7 En als wij vele dagen langzaam voortvoeren, en nauwelijks tegenover Knidus gekomen waren, overmits het ons de wind niet toeliet, zo voeren wij onder Kreta heen, tegenover Salmone.

7 When we had sailed slowly for a good many days, and with difficulty had arrived off Cnidus, since the wind did not permit us to go farther, we sailed under the shelter of Crete, off Salmone;

8 En hetzelve nauwelijks voorbij zeilende, kwamen wij in een zekere plaats genaamd Schonehavens, waar de stad Lasea nabij was.

8 and with difficulty sailing past it we came to a place called Fair Havens, near which was the city of Lasea.

9 En als veel tijd verlopen, en de vaart nu zorgelijk was, omdat ook de vasten nu voorbij was, vermaande hen Paulus,

9 When considerable time had passed and the voyage was now dangerous, since even the fast was already over, Paul began to admonish them,

10 En zeide tot hen: Mannen, ik zie, dat de vaart zal geschieden met hinder en grote schade, niet alleen van de lading en van het schip, maar ook van ons leven.

10 and said to them, “Men, I perceive that the voyage will certainly be with damage and great loss, not only of the cargo and the ship, but also of our lives.”

11 Doch de hoofdman geloofde meer den stuurman en den schipper, dan hetgeen van Paulus gezegd werd.

11 But the centurion was more persuaded by the pilot and the captain of the ship than by what was being said by Paul.

12 En alzo de haven ongelegen was om te overwinteren, vond het meerder deel geraden ook van daar te varen, of zij enigszins te Fenix konden aankomen om te overwinteren, zijnde een haven in Kreta, strekkende tegen het zuidwesten en tegen het noordwesten.

12 Because the harbor was not suitable for wintering, the majority reached a decision to put out to sea from there, if somehow they could reach Phoenix, a harbor of Crete, facing southwest and northwest, and spend the winter there.

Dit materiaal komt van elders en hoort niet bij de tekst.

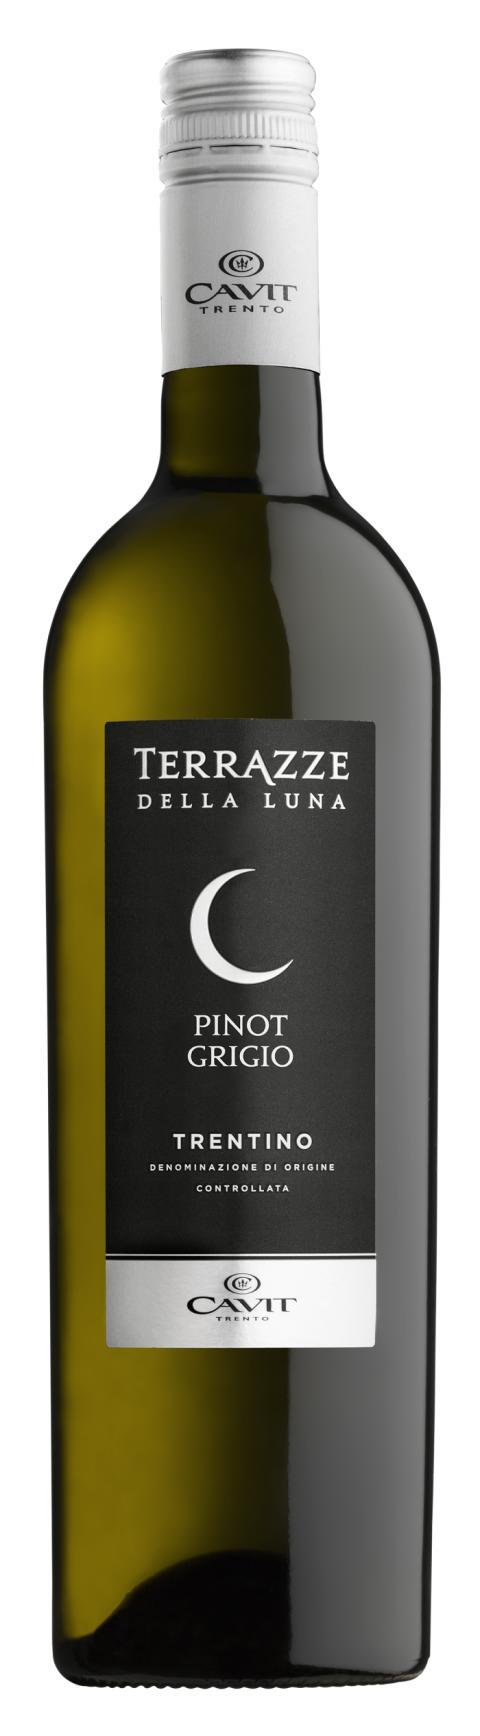 Den 1:a juni lanseras Terrazze della Luna Pinot Grigio DOC Trentino 2018 i samtliga butiker!
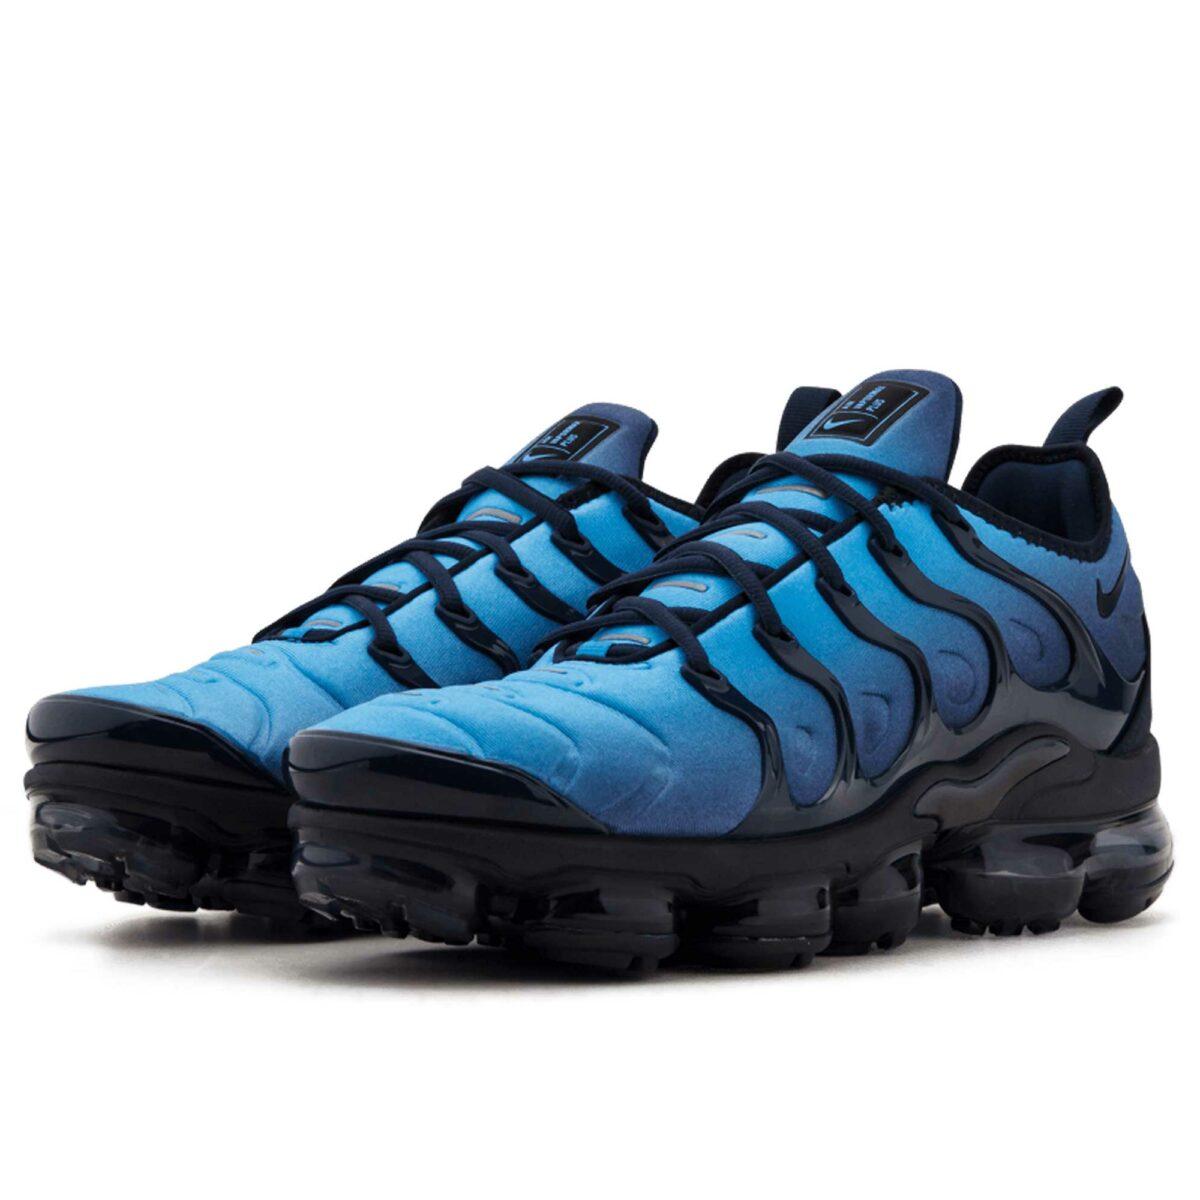 nike air vapormax plus blue 24453_401 купить

13 En alzo de zuidenwind zachtelijk waaide, meenden zij hun voornemen verkregen te hebben, en afgevaren zijnde, zeilden zij dicht voorbij Kreta henen.

13 When a moderate south wind came up, supposing that they had attained their purpose, they weighed anchor and began sailing along Crete, close inshore.

14 Maar niet lang daarna, sloeg tegen hetzelve een stormwind, genaamd Euroklydon.

14 But before very long there rushed down from the land a violent wind, called Euraquilo;

15 En als het schip daarmede weggerukt werd, en niet kon tegen den wind opzeilen, gaven wij het op, en dreven heen.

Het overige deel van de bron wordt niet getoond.